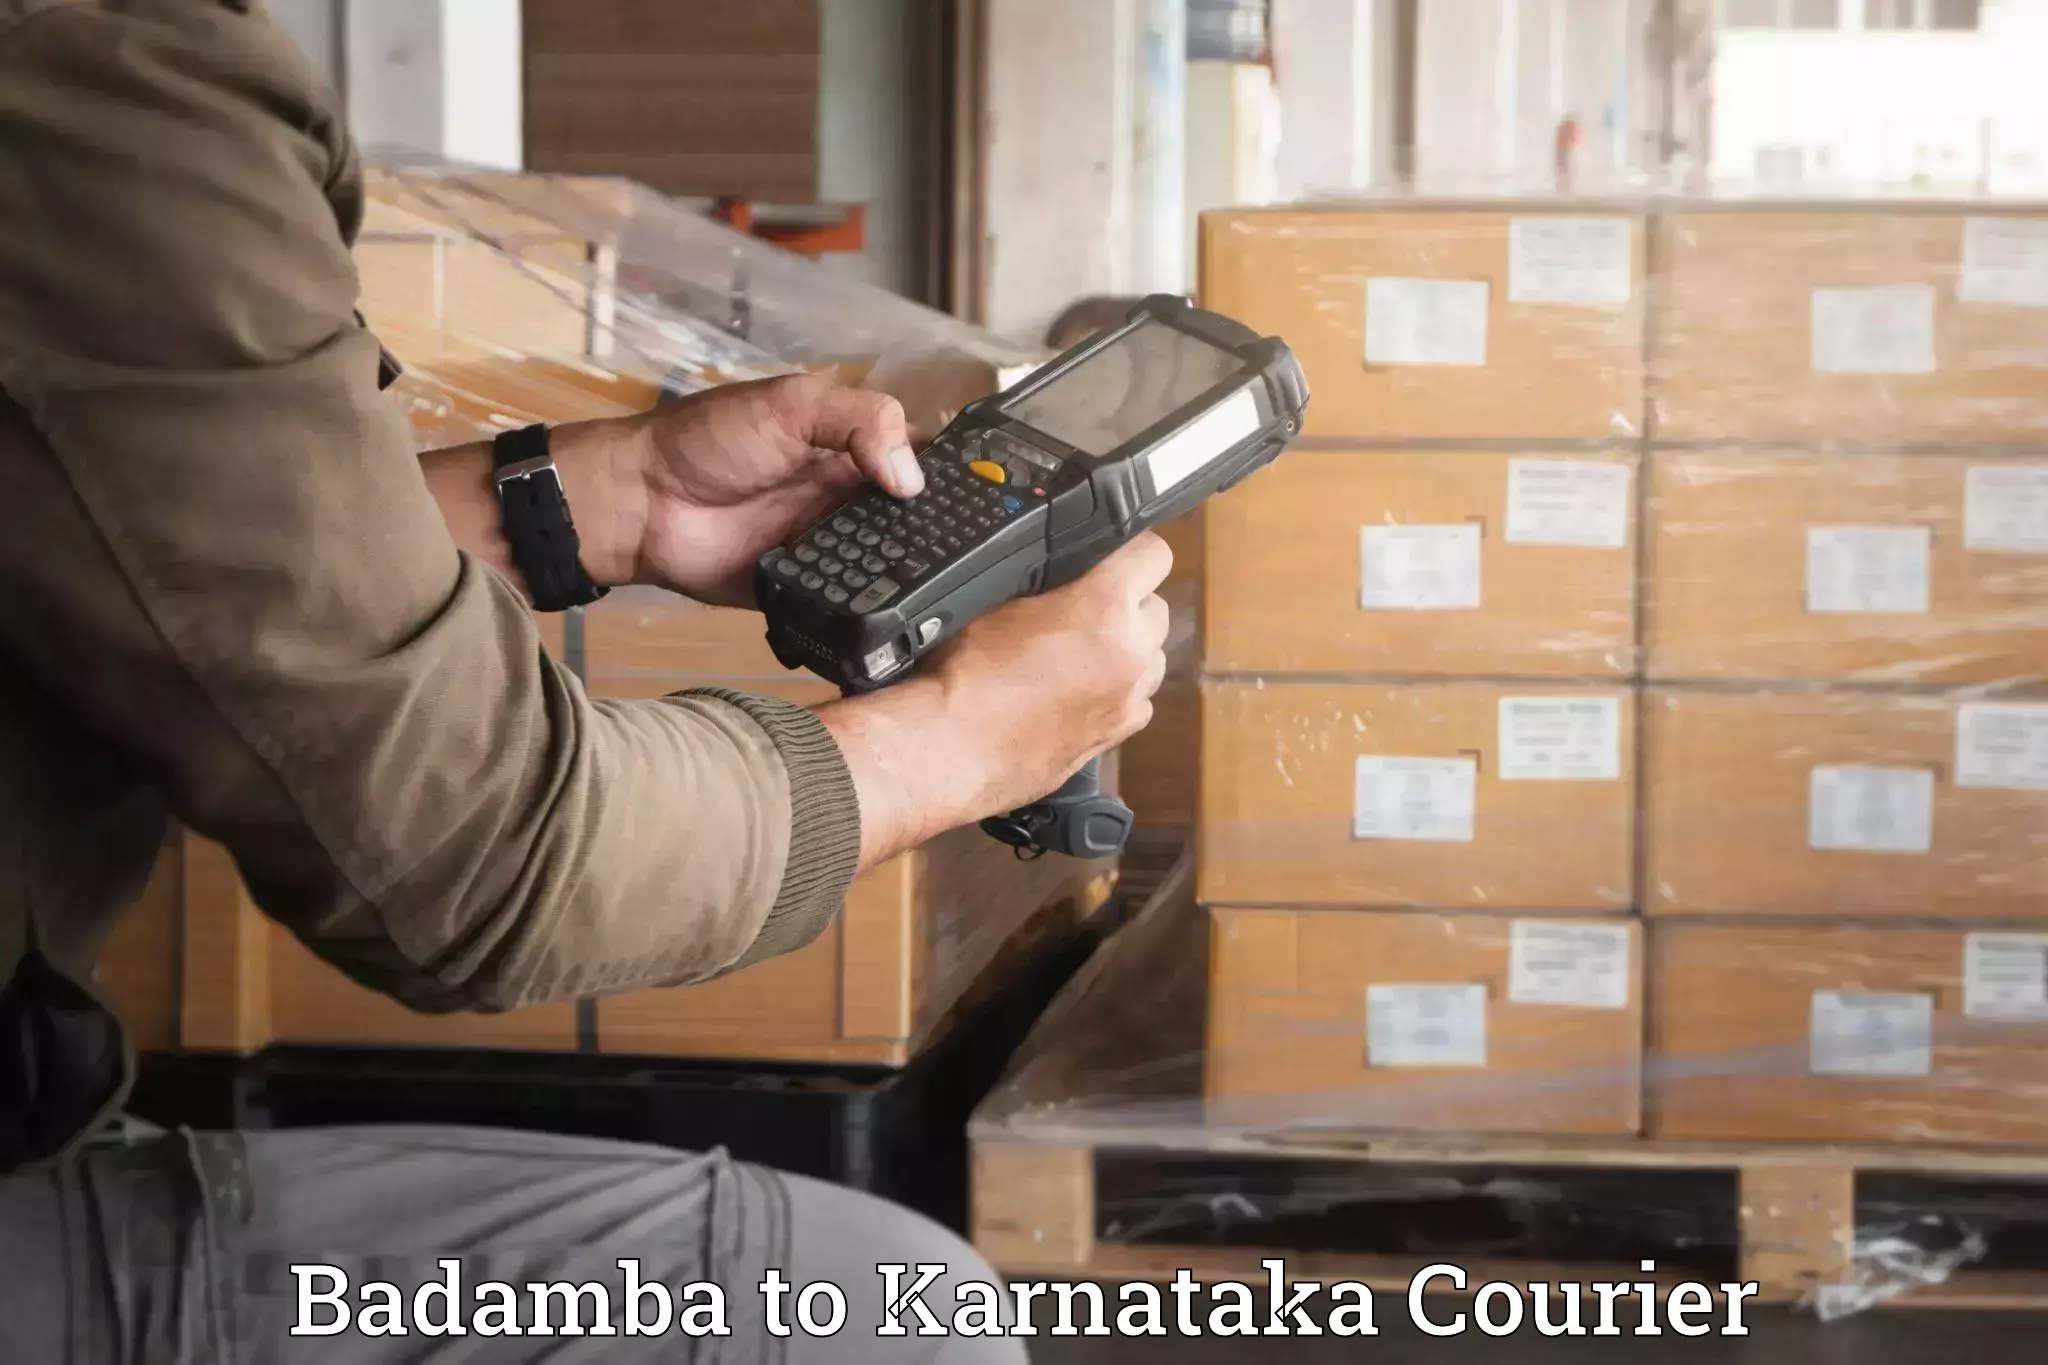 Efficient household movers Badamba to Karnataka
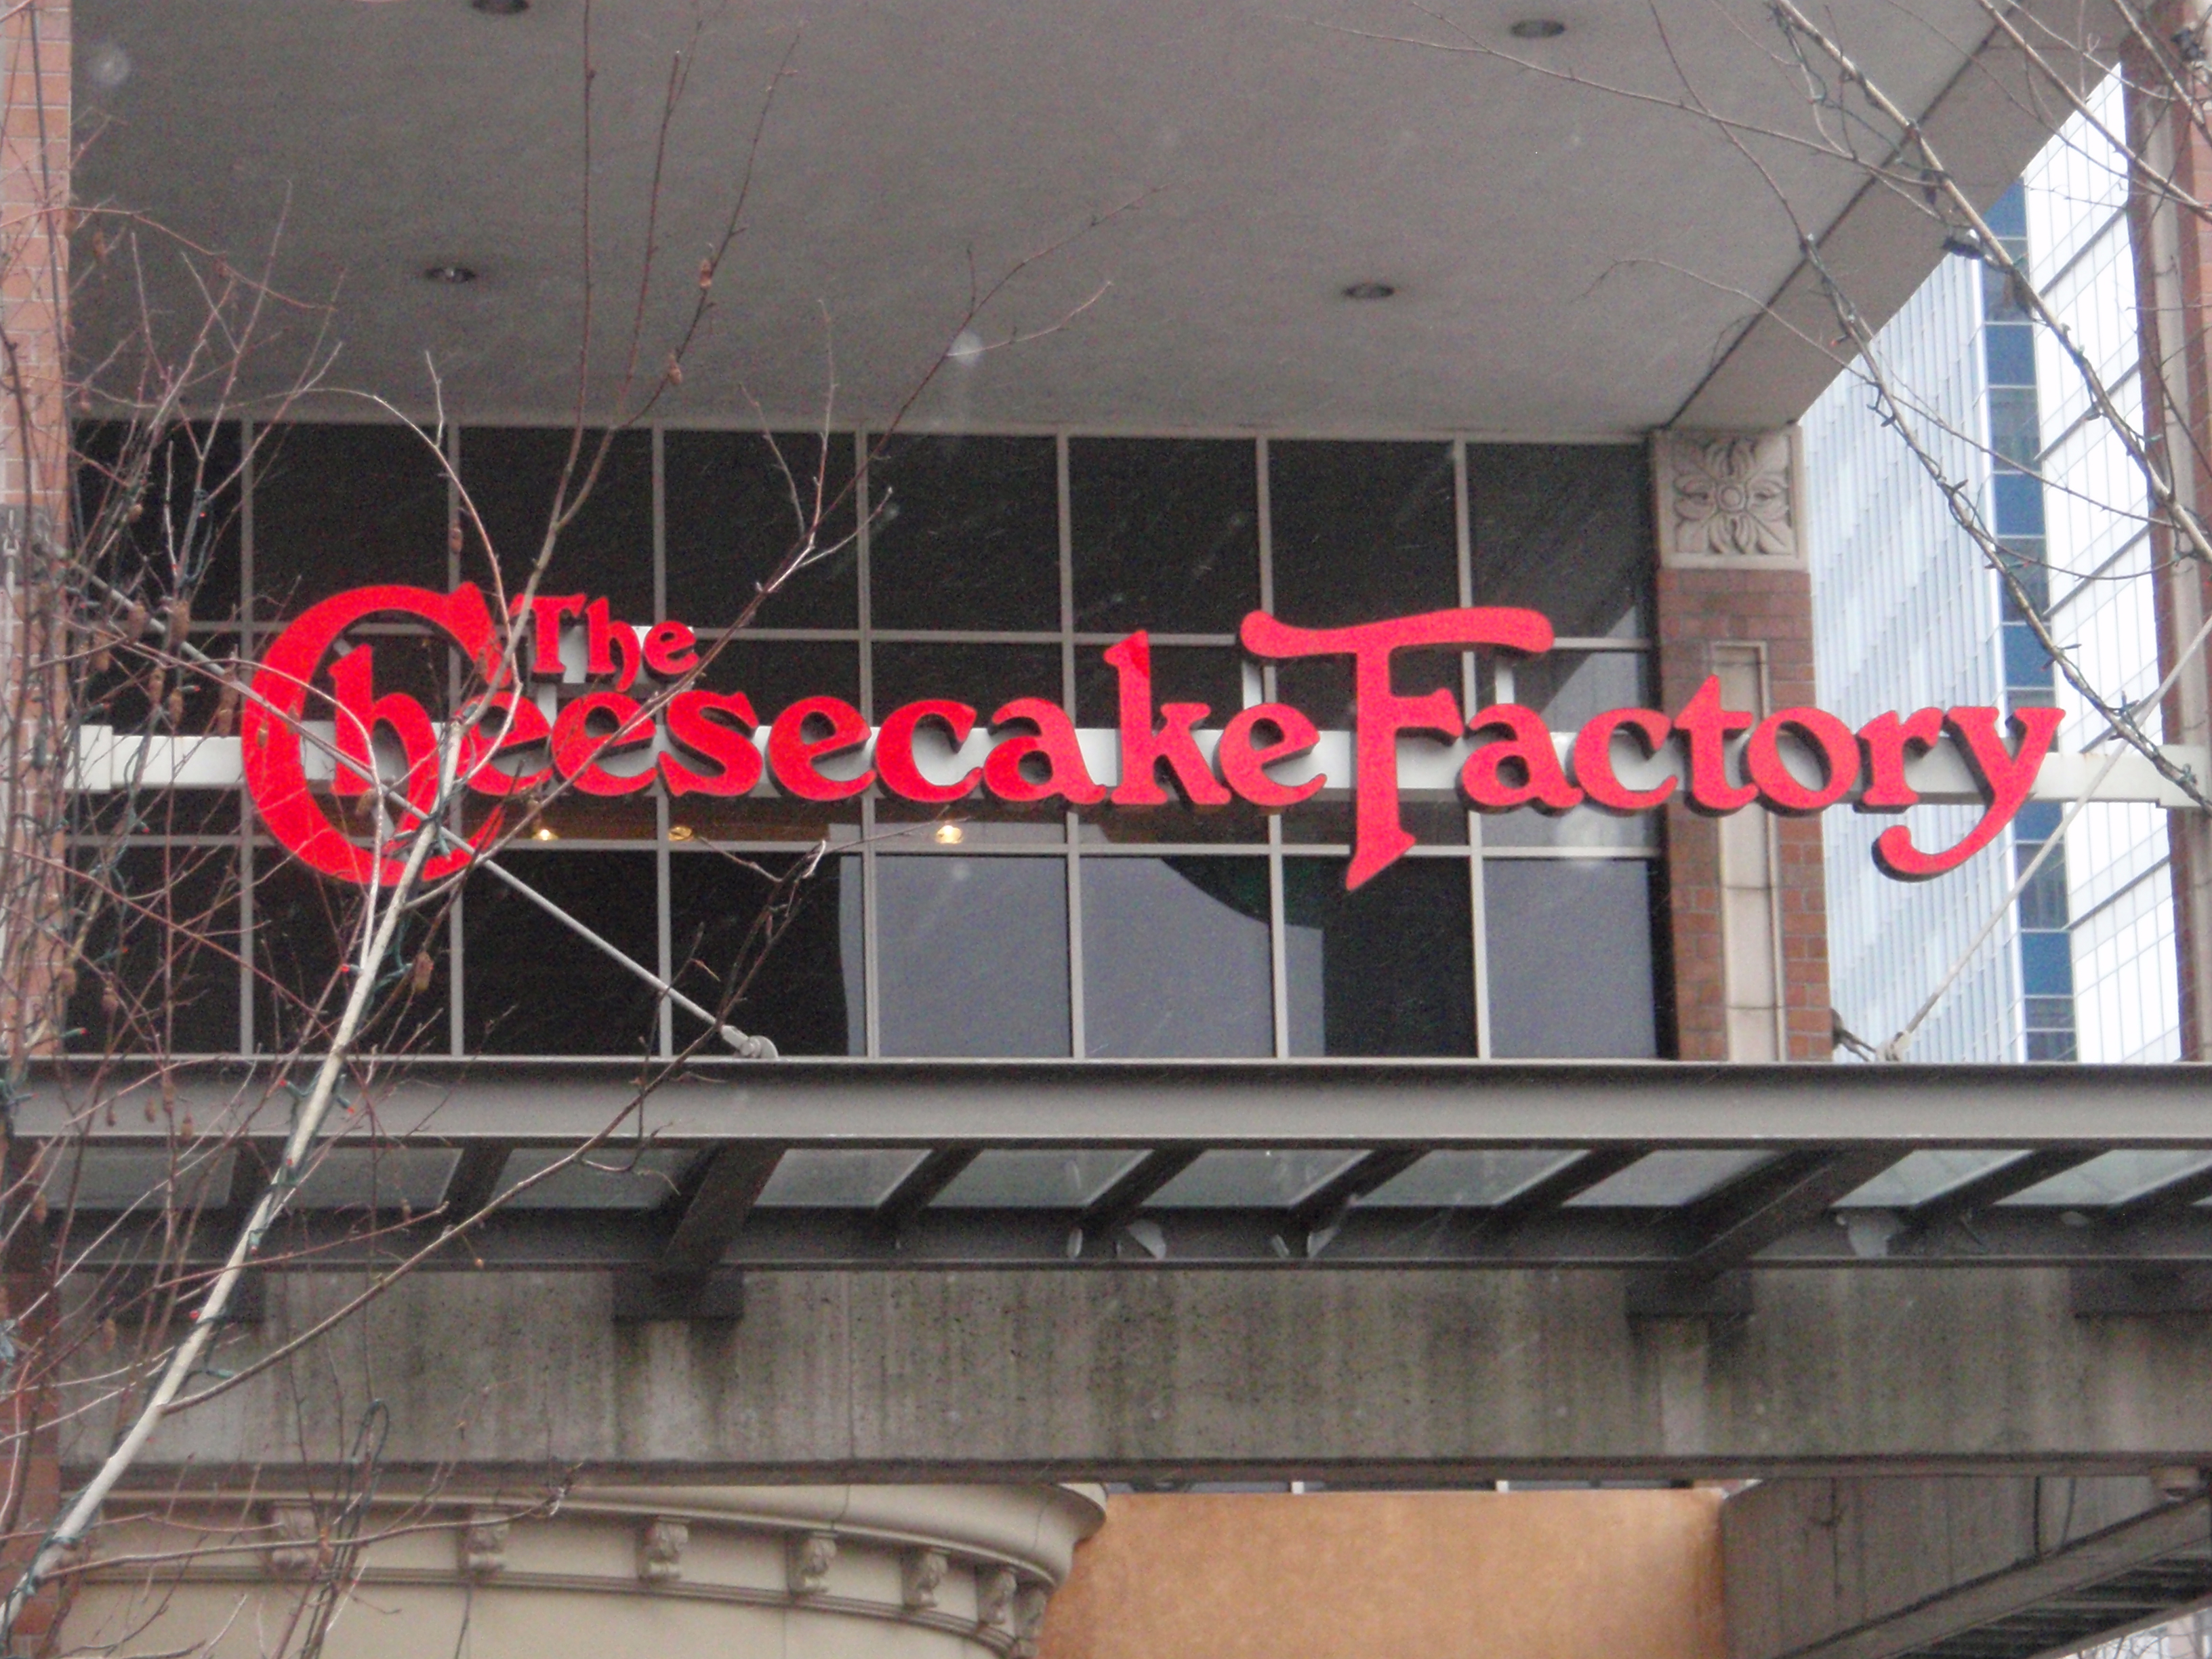 Uma fotografia mostra uma grande placa da Cheesecake Factory pendurada acima da entrada de um prédio.
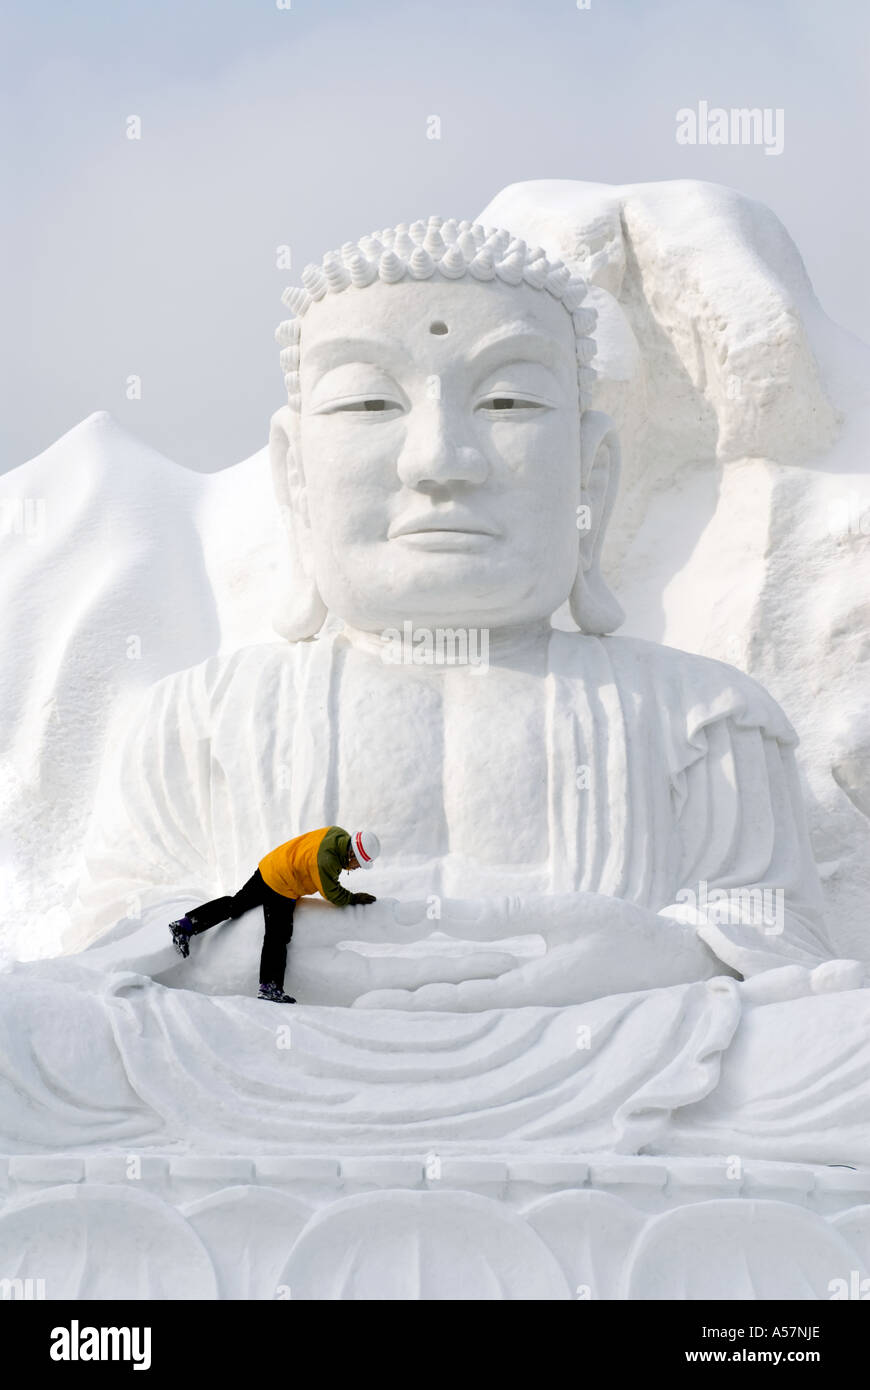 L'homme de la neige boudha sculpté dans la neige à Sapporo Snow Festival Japon 2006 Banque D'Images

Problem details: Give back the full listing above word for word, and let no picture through.

The answer:
 Efficient household movers Badamba to Karnataka
 Uma fotografia mostra uma grande placa da Cheesecake Factory pendurada acima da entrada de um prédio.
 L'homme de la neige boudha sculpté dans la neige à Sapporo Snow Festival Japon 2006 Banque D'Images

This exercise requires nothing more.